Content starts
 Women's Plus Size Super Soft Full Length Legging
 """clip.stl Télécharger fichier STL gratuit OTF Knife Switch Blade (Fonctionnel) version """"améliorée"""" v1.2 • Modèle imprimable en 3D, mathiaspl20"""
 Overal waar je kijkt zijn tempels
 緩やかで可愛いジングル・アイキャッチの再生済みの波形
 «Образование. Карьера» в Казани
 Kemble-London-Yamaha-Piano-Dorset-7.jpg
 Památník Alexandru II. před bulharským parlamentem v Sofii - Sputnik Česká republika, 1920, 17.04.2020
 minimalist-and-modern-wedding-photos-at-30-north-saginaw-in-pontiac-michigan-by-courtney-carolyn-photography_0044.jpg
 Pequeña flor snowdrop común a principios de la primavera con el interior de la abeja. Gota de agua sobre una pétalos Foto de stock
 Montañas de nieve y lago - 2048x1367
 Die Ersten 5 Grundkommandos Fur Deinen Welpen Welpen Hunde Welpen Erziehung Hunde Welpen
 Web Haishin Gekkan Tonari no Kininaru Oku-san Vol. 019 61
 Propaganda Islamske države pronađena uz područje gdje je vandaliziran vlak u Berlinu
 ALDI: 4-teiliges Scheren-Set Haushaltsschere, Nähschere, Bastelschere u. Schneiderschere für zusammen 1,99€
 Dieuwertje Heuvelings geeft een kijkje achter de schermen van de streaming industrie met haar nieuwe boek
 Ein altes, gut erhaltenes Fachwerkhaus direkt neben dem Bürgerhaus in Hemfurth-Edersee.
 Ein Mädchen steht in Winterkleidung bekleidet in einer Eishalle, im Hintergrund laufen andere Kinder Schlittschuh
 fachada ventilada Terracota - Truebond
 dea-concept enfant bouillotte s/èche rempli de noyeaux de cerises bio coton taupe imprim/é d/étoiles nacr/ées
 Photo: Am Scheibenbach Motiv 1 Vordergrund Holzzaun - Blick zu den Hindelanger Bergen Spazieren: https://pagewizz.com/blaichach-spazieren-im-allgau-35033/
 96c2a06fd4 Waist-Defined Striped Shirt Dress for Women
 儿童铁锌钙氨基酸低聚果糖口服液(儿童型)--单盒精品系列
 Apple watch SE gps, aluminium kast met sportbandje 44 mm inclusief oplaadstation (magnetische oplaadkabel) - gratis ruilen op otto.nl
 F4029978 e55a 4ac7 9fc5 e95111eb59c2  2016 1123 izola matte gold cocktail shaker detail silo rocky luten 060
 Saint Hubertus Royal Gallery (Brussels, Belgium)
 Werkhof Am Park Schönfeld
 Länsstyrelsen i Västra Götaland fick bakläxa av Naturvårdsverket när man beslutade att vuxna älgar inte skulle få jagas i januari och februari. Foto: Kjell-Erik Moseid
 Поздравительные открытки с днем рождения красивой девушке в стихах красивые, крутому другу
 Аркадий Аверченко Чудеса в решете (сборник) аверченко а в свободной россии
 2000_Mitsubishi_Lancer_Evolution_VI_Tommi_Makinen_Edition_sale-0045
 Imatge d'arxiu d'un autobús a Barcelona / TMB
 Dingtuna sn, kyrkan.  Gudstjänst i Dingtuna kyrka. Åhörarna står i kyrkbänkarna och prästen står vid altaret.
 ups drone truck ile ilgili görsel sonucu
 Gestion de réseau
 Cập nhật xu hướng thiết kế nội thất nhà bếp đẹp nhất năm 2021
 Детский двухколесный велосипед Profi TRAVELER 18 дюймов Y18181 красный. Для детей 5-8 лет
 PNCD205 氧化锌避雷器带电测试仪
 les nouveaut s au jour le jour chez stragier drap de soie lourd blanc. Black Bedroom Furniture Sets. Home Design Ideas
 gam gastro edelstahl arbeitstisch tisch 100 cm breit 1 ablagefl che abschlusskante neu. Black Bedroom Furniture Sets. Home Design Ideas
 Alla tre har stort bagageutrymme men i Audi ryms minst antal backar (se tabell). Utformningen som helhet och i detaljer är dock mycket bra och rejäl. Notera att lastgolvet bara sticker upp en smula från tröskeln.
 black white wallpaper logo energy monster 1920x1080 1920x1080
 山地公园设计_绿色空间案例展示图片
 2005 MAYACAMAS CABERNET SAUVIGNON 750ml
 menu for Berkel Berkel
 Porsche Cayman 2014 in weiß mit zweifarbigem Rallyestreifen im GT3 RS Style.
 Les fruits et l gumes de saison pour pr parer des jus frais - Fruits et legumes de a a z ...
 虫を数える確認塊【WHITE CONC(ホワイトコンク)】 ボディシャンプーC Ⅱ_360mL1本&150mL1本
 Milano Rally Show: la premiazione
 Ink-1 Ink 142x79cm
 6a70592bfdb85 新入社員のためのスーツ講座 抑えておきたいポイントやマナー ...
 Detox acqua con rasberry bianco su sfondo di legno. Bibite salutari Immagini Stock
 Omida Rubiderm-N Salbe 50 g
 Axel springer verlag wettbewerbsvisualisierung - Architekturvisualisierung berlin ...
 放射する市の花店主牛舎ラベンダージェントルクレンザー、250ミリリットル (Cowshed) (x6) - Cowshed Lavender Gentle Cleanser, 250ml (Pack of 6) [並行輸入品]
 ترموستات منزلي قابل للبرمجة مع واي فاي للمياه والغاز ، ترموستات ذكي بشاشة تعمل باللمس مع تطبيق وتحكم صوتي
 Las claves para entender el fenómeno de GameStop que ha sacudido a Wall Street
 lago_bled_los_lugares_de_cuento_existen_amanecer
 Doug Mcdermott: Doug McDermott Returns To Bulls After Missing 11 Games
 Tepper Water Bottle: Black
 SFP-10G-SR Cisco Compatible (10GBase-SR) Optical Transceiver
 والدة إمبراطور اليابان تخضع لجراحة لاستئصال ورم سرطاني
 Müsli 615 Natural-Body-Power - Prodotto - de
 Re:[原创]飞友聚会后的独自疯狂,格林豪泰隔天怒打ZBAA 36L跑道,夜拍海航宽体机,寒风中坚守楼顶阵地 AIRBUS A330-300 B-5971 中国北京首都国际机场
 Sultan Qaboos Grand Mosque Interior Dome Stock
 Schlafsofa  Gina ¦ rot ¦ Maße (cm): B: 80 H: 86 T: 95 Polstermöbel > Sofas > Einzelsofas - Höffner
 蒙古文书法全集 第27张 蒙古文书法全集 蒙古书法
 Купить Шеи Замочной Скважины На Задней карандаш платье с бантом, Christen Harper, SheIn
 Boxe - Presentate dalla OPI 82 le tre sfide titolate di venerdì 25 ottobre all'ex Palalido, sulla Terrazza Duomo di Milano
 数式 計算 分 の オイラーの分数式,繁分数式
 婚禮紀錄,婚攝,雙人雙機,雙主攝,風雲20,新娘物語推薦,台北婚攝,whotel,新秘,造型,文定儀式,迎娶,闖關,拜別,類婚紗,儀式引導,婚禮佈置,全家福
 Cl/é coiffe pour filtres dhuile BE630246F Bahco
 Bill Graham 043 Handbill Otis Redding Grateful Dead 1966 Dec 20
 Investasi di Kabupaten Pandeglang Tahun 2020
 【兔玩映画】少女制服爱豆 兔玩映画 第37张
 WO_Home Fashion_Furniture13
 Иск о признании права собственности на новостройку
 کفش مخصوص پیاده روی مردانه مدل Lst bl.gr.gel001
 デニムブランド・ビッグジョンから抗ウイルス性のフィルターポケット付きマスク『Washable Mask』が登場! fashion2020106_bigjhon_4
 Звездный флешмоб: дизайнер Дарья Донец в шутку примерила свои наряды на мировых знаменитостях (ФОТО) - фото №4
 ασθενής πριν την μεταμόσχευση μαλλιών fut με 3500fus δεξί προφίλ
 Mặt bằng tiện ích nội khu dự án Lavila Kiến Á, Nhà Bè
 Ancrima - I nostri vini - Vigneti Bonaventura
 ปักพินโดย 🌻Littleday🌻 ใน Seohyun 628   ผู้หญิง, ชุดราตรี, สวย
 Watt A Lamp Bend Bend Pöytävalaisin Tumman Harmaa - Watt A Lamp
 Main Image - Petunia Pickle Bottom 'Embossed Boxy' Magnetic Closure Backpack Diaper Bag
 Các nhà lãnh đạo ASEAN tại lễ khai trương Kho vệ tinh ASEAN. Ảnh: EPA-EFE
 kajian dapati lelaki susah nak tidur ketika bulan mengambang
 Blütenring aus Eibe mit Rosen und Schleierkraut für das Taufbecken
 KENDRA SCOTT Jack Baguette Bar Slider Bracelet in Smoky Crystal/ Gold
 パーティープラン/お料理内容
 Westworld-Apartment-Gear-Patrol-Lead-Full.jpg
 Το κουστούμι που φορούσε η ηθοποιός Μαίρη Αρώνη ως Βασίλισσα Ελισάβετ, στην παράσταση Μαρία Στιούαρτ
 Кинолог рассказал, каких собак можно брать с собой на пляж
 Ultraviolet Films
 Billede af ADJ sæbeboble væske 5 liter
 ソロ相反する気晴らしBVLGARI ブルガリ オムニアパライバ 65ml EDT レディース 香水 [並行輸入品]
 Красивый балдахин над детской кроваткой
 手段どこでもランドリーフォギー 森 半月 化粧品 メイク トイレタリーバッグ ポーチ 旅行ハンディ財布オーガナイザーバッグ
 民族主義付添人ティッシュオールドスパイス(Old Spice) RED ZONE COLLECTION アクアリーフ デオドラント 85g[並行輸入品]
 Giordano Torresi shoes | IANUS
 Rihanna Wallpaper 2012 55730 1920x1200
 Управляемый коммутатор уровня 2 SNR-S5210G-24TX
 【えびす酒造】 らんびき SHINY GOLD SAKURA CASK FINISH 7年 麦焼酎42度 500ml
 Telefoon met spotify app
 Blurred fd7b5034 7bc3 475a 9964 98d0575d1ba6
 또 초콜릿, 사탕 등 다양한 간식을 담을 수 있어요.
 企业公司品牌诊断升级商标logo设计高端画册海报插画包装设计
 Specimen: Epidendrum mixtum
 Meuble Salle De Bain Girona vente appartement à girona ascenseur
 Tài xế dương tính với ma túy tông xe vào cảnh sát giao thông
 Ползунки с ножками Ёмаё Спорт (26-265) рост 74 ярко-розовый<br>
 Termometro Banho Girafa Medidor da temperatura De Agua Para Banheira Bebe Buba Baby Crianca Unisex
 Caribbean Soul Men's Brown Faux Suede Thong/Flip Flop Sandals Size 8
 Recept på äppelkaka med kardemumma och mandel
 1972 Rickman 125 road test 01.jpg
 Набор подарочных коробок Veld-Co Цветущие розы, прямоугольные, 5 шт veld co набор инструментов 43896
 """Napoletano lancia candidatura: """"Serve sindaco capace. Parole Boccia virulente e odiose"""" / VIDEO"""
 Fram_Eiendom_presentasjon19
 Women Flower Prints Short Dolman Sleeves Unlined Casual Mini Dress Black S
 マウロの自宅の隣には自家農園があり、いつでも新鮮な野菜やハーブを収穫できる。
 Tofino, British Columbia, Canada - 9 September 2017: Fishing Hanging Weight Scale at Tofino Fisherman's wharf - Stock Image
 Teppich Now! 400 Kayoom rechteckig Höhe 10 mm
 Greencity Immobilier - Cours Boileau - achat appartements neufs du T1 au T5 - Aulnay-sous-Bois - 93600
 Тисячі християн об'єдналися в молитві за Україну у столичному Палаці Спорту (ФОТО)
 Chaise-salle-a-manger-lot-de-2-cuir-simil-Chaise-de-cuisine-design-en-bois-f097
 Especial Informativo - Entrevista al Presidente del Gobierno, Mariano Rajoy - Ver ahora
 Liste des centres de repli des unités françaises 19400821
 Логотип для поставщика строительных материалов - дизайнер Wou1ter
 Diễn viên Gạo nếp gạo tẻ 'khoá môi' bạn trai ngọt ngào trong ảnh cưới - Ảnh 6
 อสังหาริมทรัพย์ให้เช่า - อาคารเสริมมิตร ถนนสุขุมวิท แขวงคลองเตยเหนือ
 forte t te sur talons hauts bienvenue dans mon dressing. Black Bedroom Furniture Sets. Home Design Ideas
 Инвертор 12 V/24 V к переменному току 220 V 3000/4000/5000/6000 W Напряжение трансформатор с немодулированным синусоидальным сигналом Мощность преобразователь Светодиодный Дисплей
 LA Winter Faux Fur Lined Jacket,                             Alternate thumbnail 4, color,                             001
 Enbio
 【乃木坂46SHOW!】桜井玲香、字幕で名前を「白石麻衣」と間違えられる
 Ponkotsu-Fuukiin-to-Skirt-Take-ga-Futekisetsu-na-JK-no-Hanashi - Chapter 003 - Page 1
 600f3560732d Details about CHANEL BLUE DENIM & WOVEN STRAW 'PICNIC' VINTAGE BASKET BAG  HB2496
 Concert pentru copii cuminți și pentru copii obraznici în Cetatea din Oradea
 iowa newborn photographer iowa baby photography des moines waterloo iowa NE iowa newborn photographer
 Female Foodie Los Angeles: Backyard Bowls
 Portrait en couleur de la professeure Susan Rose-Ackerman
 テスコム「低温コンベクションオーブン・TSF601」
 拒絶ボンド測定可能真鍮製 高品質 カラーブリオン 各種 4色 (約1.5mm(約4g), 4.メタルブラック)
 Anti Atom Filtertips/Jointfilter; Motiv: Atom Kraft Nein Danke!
Content ends
## WHAT YOU SHOULD DO
Give the lines again, exactly as they stand, from the beginning of the data through the line with "ALDI: 4-teiliges Scheren-Set".

## RESPONSE AREA
 Women's Plus Size Super Soft Full Length Legging
 """clip.stl Télécharger fichier STL gratuit OTF Knife Switch Blade (Fonctionnel) version """"améliorée"""" v1.2 • Modèle imprimable en 3D, mathiaspl20"""
 Overal waar je kijkt zijn tempels
 緩やかで可愛いジングル・アイキャッチの再生済みの波形
 «Образование. Карьера» в Казани
 Kemble-London-Yamaha-Piano-Dorset-7.jpg
 Památník Alexandru II. před bulharským parlamentem v Sofii - Sputnik Česká republika, 1920, 17.04.2020
 minimalist-and-modern-wedding-photos-at-30-north-saginaw-in-pontiac-michigan-by-courtney-carolyn-photography_0044.jpg
 Pequeña flor snowdrop común a principios de la primavera con el interior de la abeja. Gota de agua sobre una pétalos Foto de stock
 Montañas de nieve y lago - 2048x1367
 Die Ersten 5 Grundkommandos Fur Deinen Welpen Welpen Hunde Welpen Erziehung Hunde Welpen
 Web Haishin Gekkan Tonari no Kininaru Oku-san Vol. 019 61
 Propaganda Islamske države pronađena uz područje gdje je vandaliziran vlak u Berlinu
 ALDI: 4-teiliges Scheren-Set Haushaltsschere, Nähschere, Bastelschere u. Schneiderschere für zusammen 1,99€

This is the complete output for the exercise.